Seems a shame to cut/split for firewood.....Anyone in the vicinity of Norwich, Vermont want to take a look, and see if its worth anything?

Rob M
Norwich, VT


----------



## turbo885 (Jun 20, 2013)

Stayalert said:


> Seems a shame to cut/split for firewood.....Anyone in the vicinity of Norwich, Vermont want to take a look, and see if its worth anything?
> 
> Rob M
> Norwich, VT



It wont take long for maple to turn grey in in the heat.
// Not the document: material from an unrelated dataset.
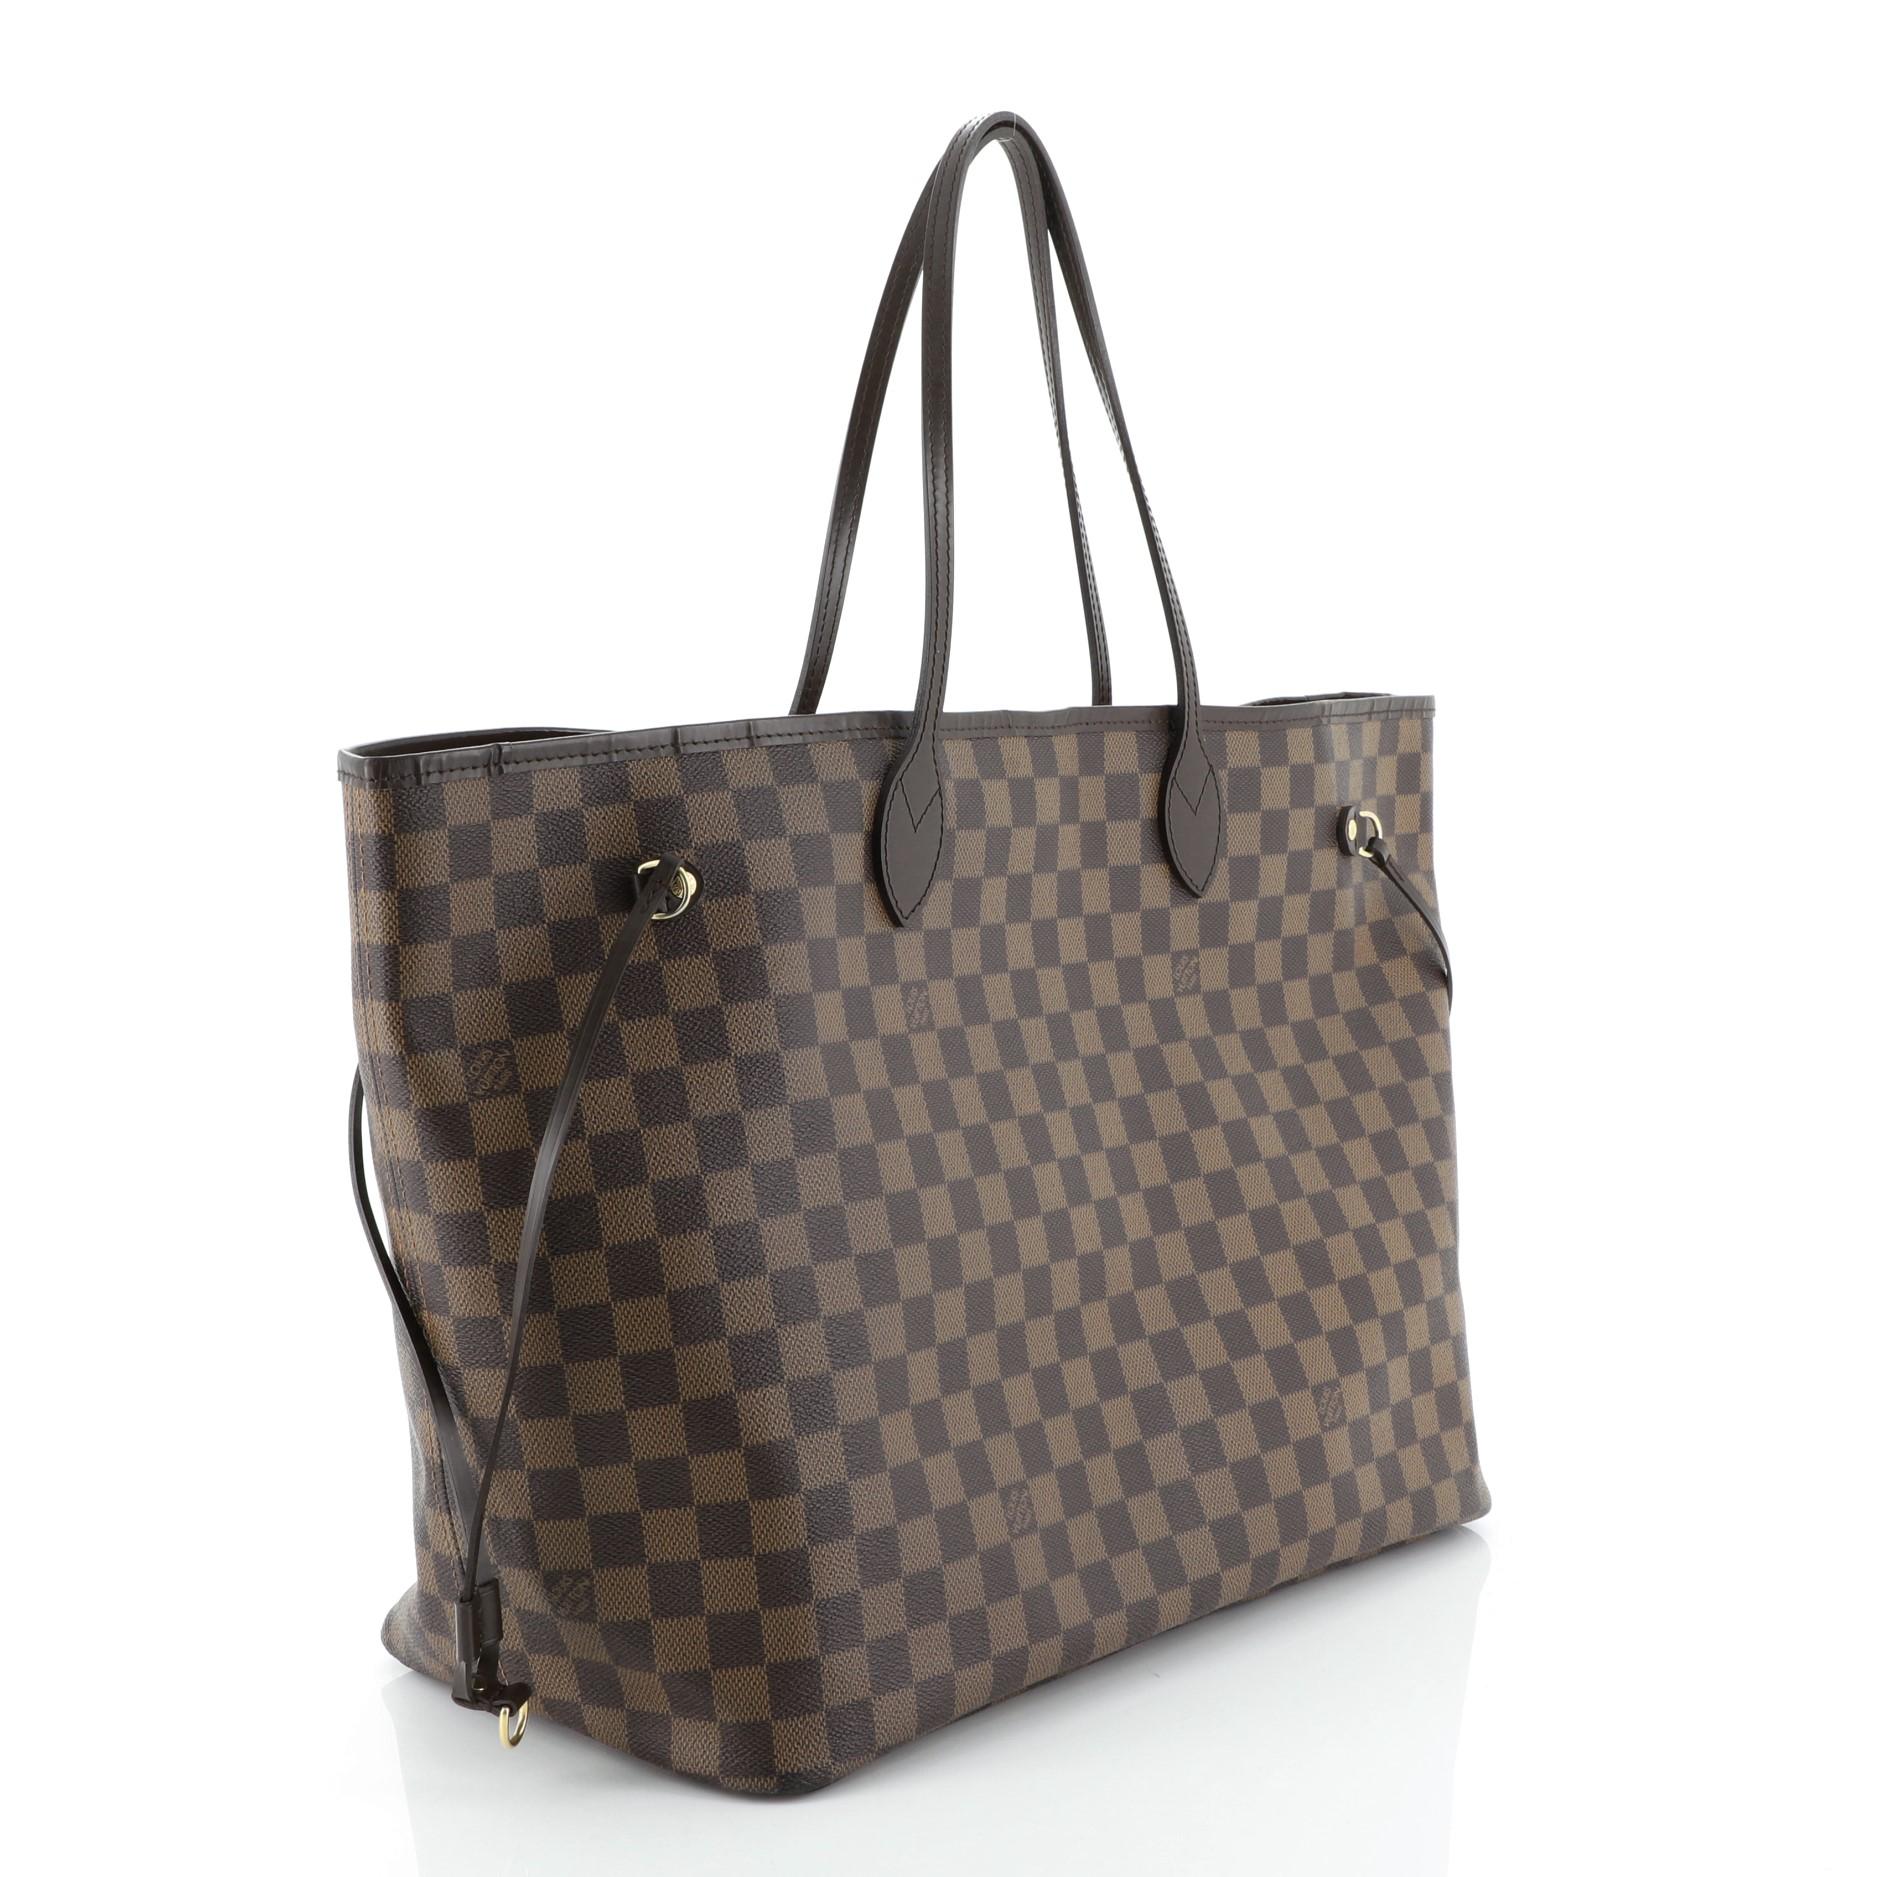 This Louis Vuitton Neverfull Tote Damier GM, crafted in damier ebene coated canvas, features dual slim handles, side laces, and gold-tone hardware. Its wide open top showcases a red fabric interior with side zip pocket. Authenticity code reads:

If you are going to try to do something with it better get sealer on it where you cut it


----------



## playsk8r (Jul 13, 2013)

Most woodturners love spalted maple. I sure to. Find turners near you. Post and add on craigslist, and I'm sure it'll be gone within the day. If i lived near your, it would've been gone 10 minutes ago.

Oh yeah, and MAKE SURE, I repeat, MAKE SURE to seal the ends. End grain sealer works:bangno, really???), but so does latex wall paint applied in several really thick coats.


----------



## Stayalert (Jul 16, 2013)

Off to a local woodworker!


----------



## pastryguyhawaii (Jul 23, 2013)

Stayalert said:


> Off to a local woodworker!



I wish I had a rig like that.


----------



## Stayalert (Jul 24, 2013)

pastryguyhawaii said:


> I wish I had a rig like that.



Me too! The woodworker paid for the logging rig to come get the Maple.....


----------